The colonel thought his number was up. His bomber started plummeting to earth and he
struggled with the flight deck to get any kind of response. "We had ejection seats - I told
'em: 'Don't hit the ejection seats just yet. I'm gonna see if we can fly.'" As he dropped to
20,000 feet, he somehow got the damaged craft under control and levelled out.

He and his co-pilot then made a fateful decision which probably saved both their lives and
the lives of countless people on the ground. Colonel Richardson told me that the decision
was instantaneous - and he still has no doubt it was the right thing to do. They would ditch
their nuclear payload as soon as possible in order to lighten the aircraft for an emergency
landing and also to eliminate the danger of an enormous explosion when they made their
unsteady arrival at the nearest available runway.
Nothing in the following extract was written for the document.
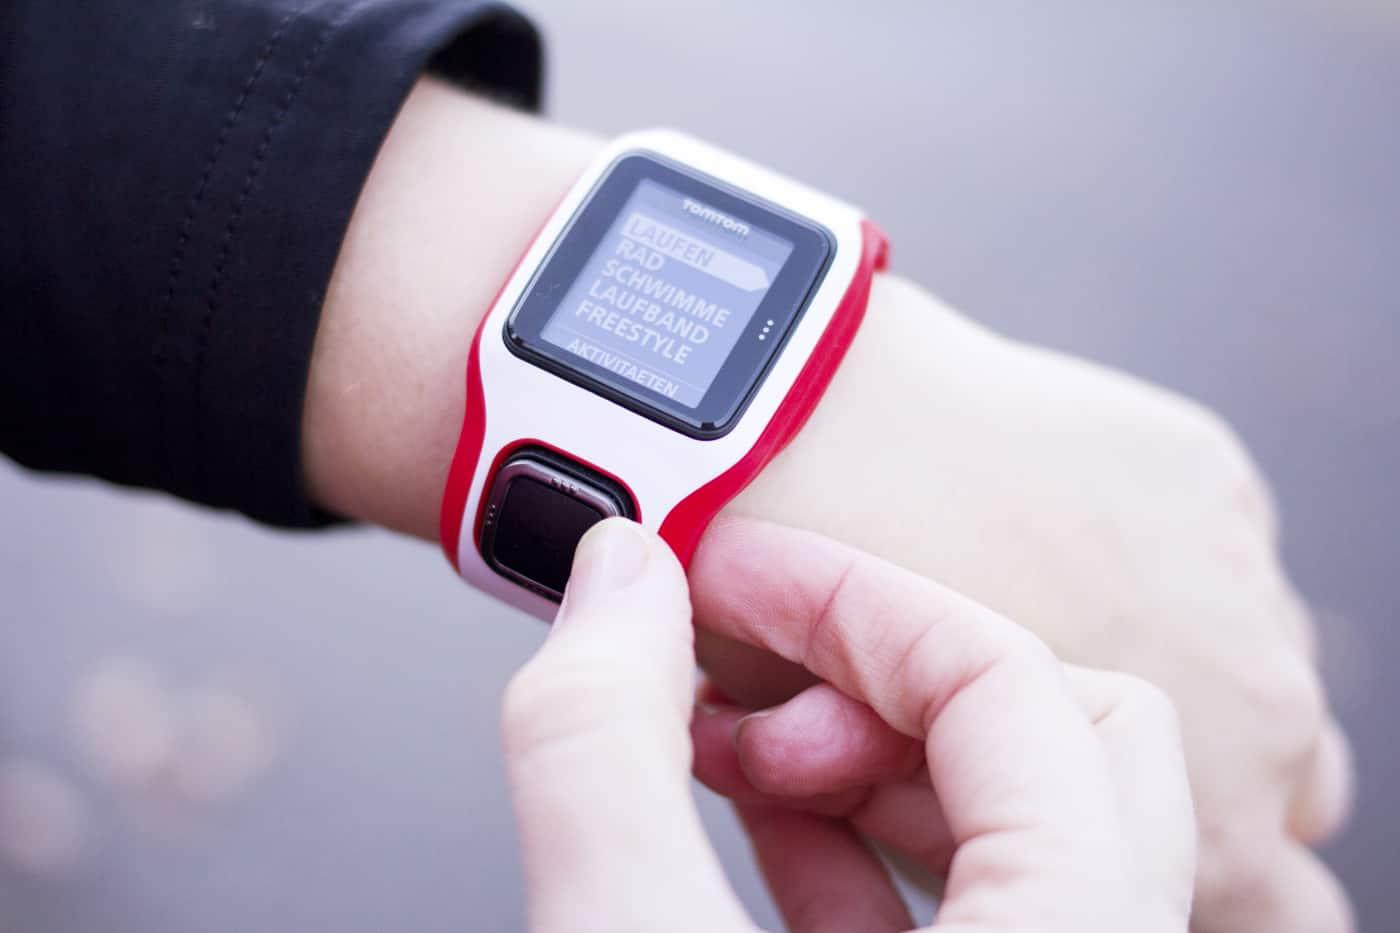 TomTom GPS Sportuhr Multisport Cardio Navigation

"The tactical doctrine for Strategic Air Command gave me the authority to get rid of it (the
bomb) for the safety of the crew - that was the number one priority," Colonel Richardson said.
He managed to direct the B-47 a mile or two off the coast of Savannah and opened the bomb
doors, dropping the bomb somewhere into the shallow waters and light sand near Tybee Island.
He then managed a perfectly executed descent from which he and his crew walked away unscathed.
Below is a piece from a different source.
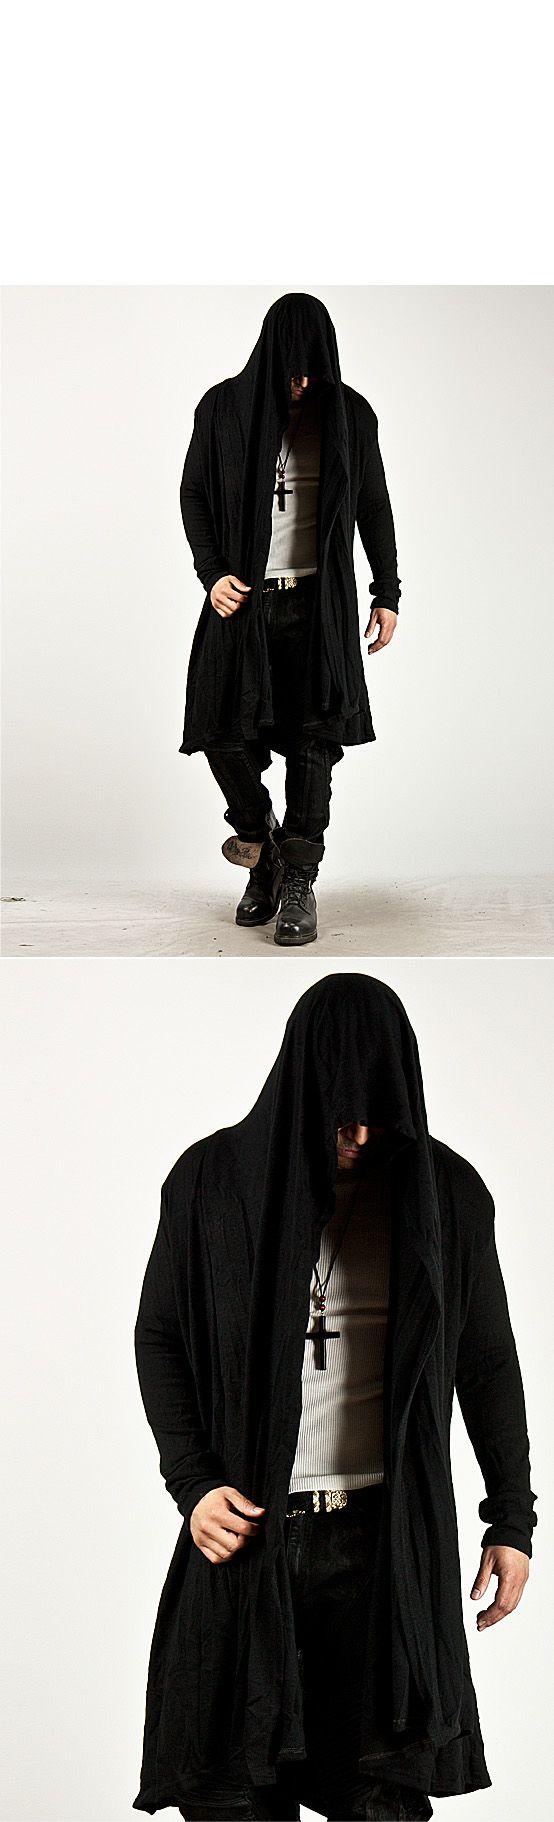 Best 10+ Hooded cardigan mens ideas on Pinterest | Hooded cardigan ...

The pilot of the other aircraft, an F-86 fighter jet, also survived, after his ejector seat shot him clear
of his aircraft.  Immediately after the crash, a search was set up to find the unexploded nuclear
weapon, buried somewhere too close for comfort to the US's second-largest seaport and one of its
most beautiful cities. Numerous other searches have followed, both official and unofficial, and each
of them has also proved unsuccessful. So the bomb remains tucked away on the sea-bed, in an area
which is frequently dredged by shrimp fishermen, any one of whom could suddenly find that they have
netted something a touch larger and scarier than a crustacean.

How dangerous the bomb is after all these years is a matter of hot debate.

The US Air Force insists it is safest to leave it wherever it is, and Colonel Richardson is adamant
that it is incapable of a nuclear explosion because it lacks the vital plutonium trigger.


'Practice mission'

He said these were routinely left out of the bombs used on training flights. "This was just a practice
mission. We were continually working out any problems, that's why we had to practise - we wanted
to be perfect," he said.

But his case has been vigorously contested by opponents who raise apocalyptic fears of a thermonuclear
explosion which could destroy much of the US eastern seaboard. Fears have also been expressed that
the bomb could be located and recovered by a terrorist group, and there are even some who believe
that may already have happened.

For Colonel Richardson, the event which shaped his life has not ended quite the way he thought it would.

"I've been living with it now for 51 years. "We had an accident and I landed the aircraft safely... I did get
a Distinguished Flying Cross from a general for that. "I thought that would be the story. That's not the story
- everything's about the nuclear weapon."